#### INFORMATION ####

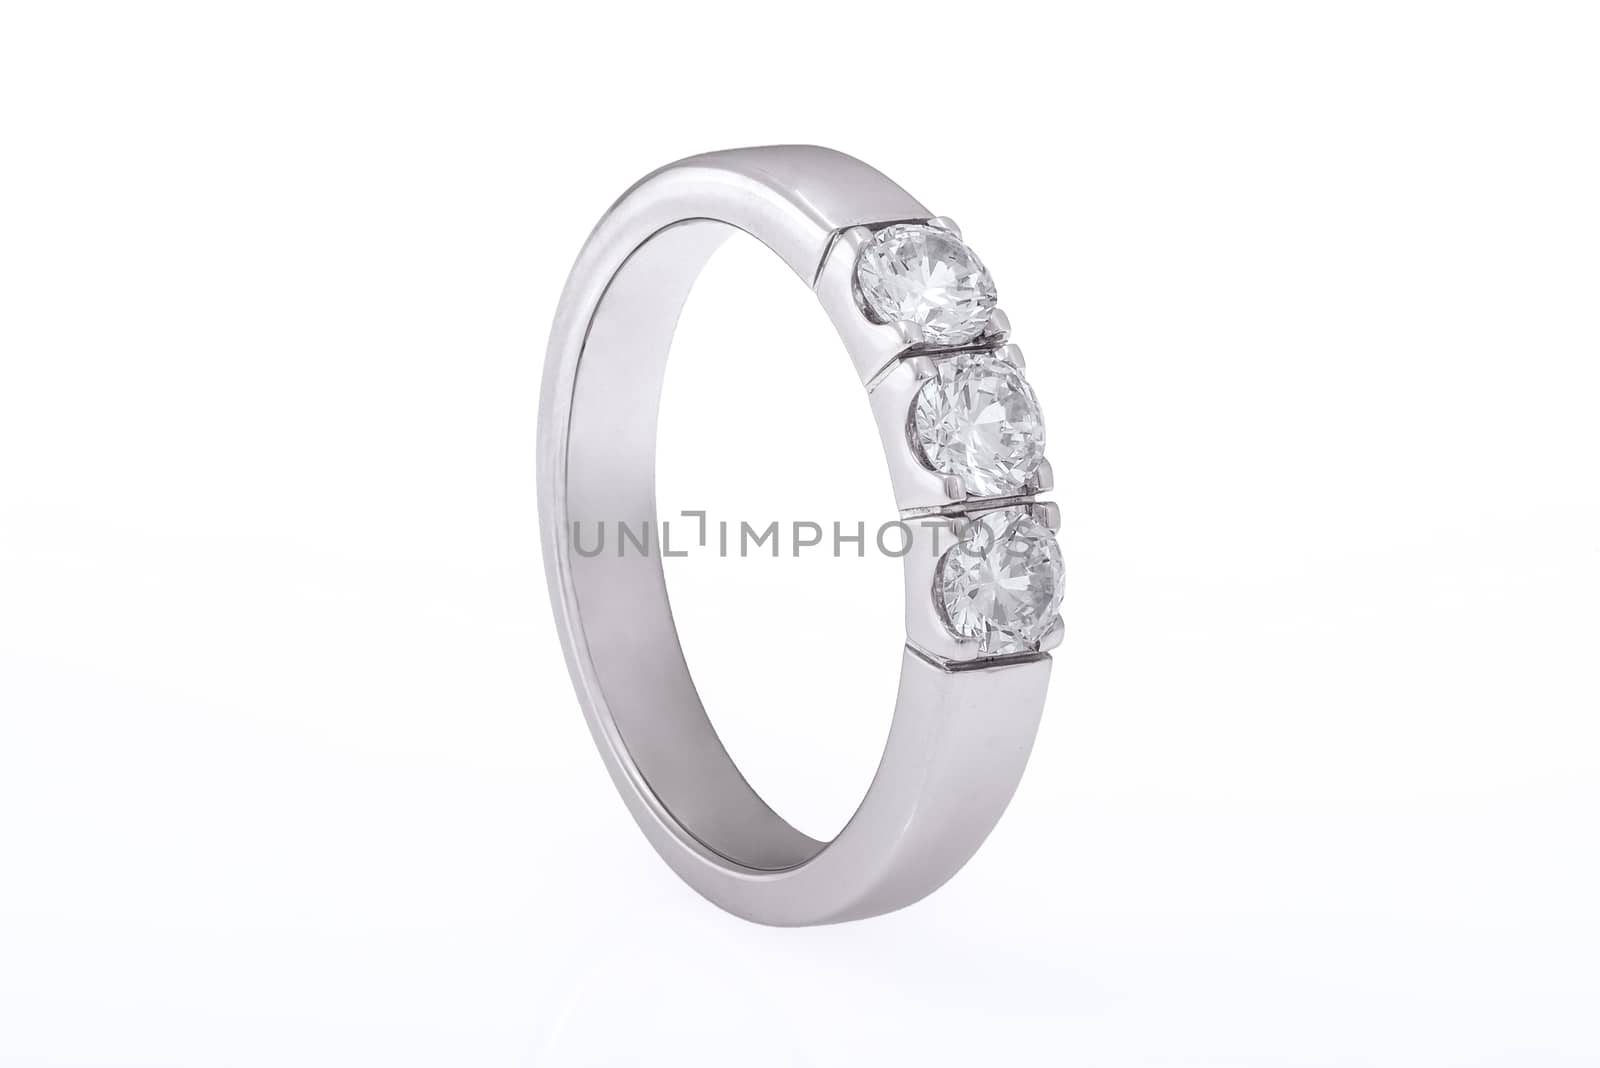 White gold wedding, engagement ring with diamonds by praethip
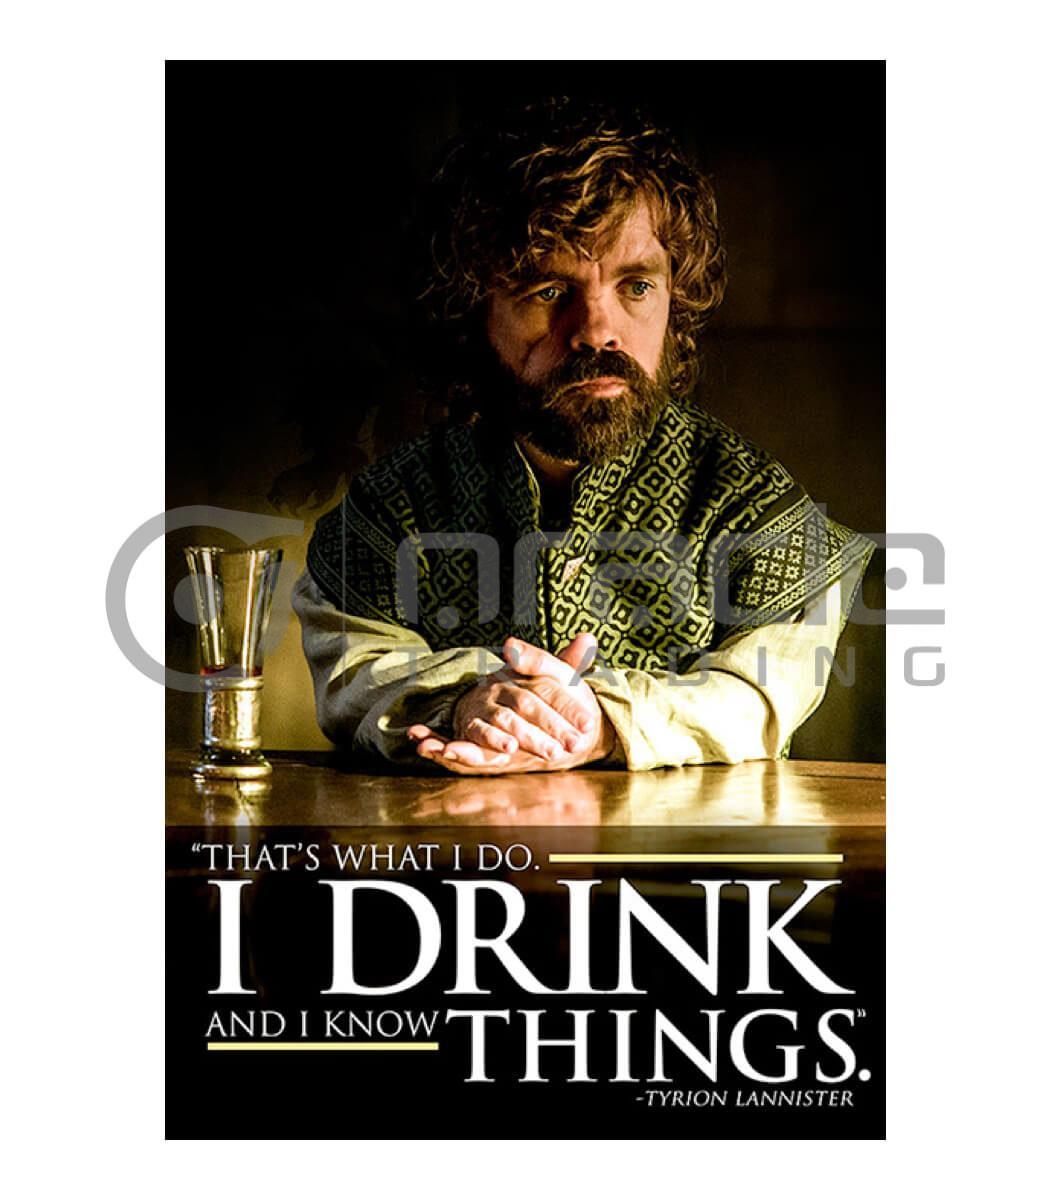 I Drink & I Know Things Poster - Game of Thrones
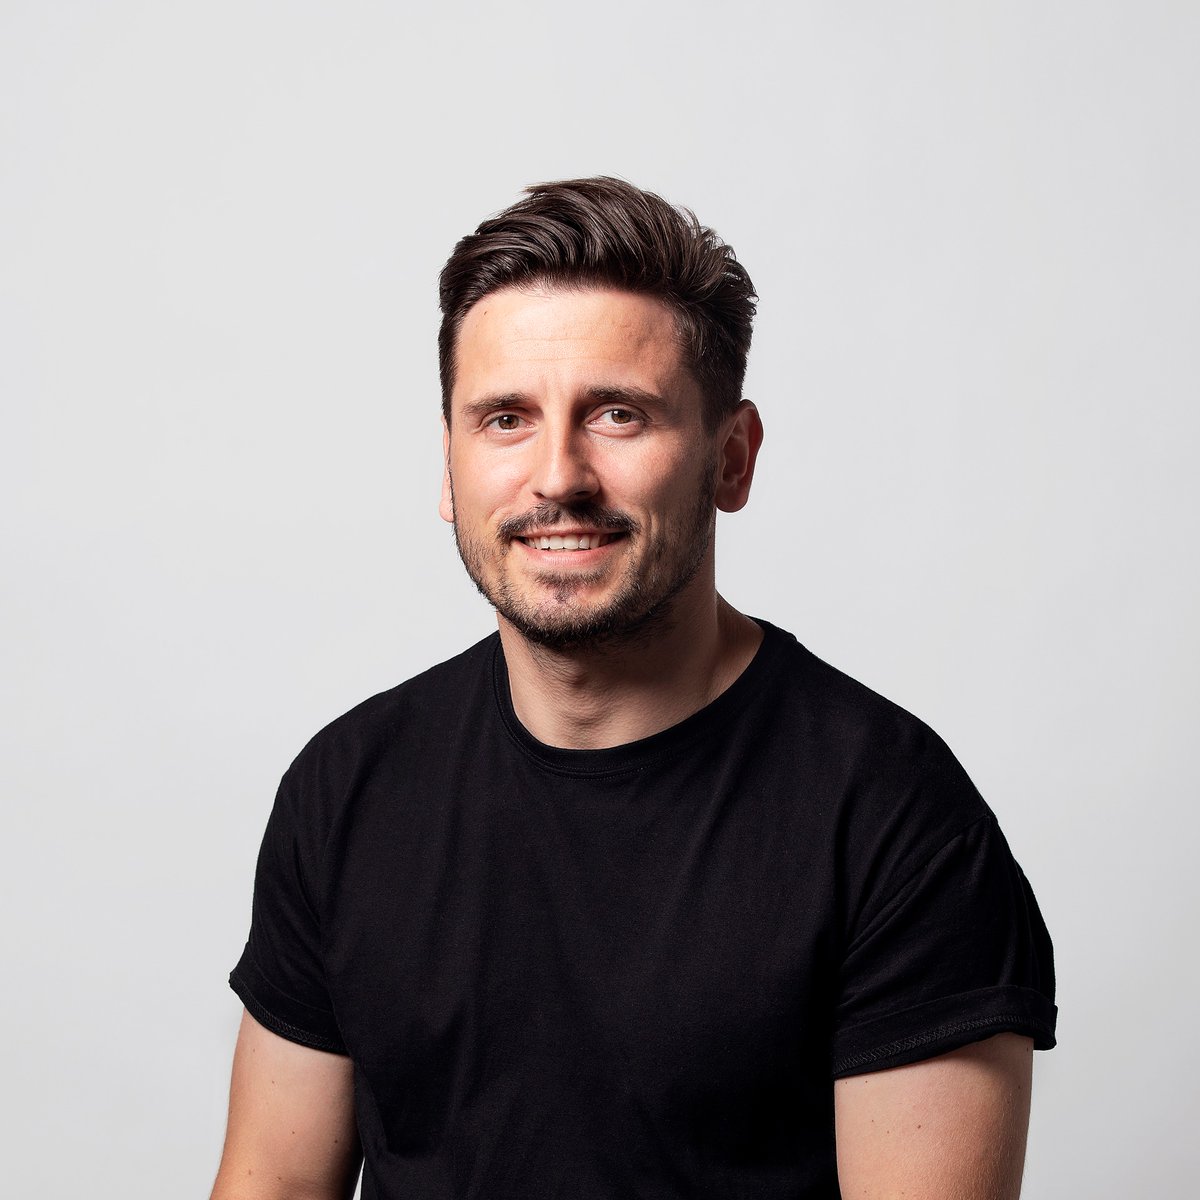 Congrats to @Eldin_Fetahovic at @BoomerangCreate for being selected as a jury member for the @Digiday Media Awards Europe 2022. Shortlist gets announced soon!

digiday.secure-platform.com/a/page/digiday…

#futurefit #DigidayMediaAwards #media
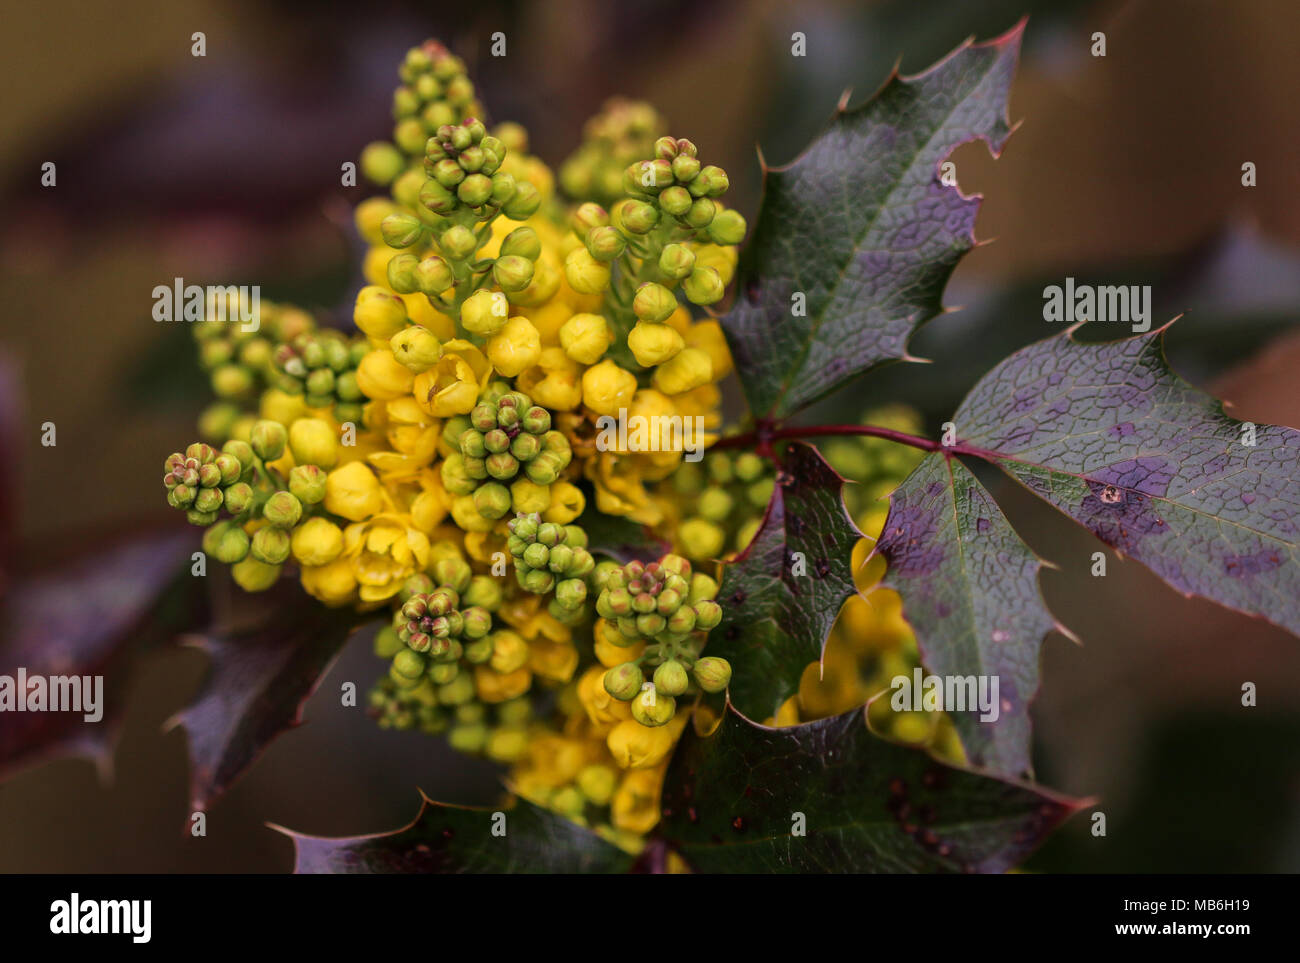 Mahonia, Berberidaceae Oregon Grape, possibly x Wagneri, Undulata, close up showing fragrant yellow flowers, Spring time in Shepperton, England U.K. Stock Photo

####

WHAT THIS TASK INVOLVES:
Would you copy all of the data exactly? Keep the pictures out of it.

SOLUTION:
 White gold wedding, engagement ring with diamonds by praethip
 I Drink & I Know Things Poster - Game of Thrones
 Congrats to @Eldin_Fetahovic at @BoomerangCreate for being selected as a jury member for the @Digiday Media Awards Europe 2022. Shortlist gets announced soon!

digiday.secure-platform.com/a/page/digiday…

#futurefit #DigidayMediaAwards #media
 Mahonia, Berberidaceae Oregon Grape, possibly x Wagneri, Undulata, close up showing fragrant yellow flowers, Spring time in Shepperton, England U.K. Stock Photo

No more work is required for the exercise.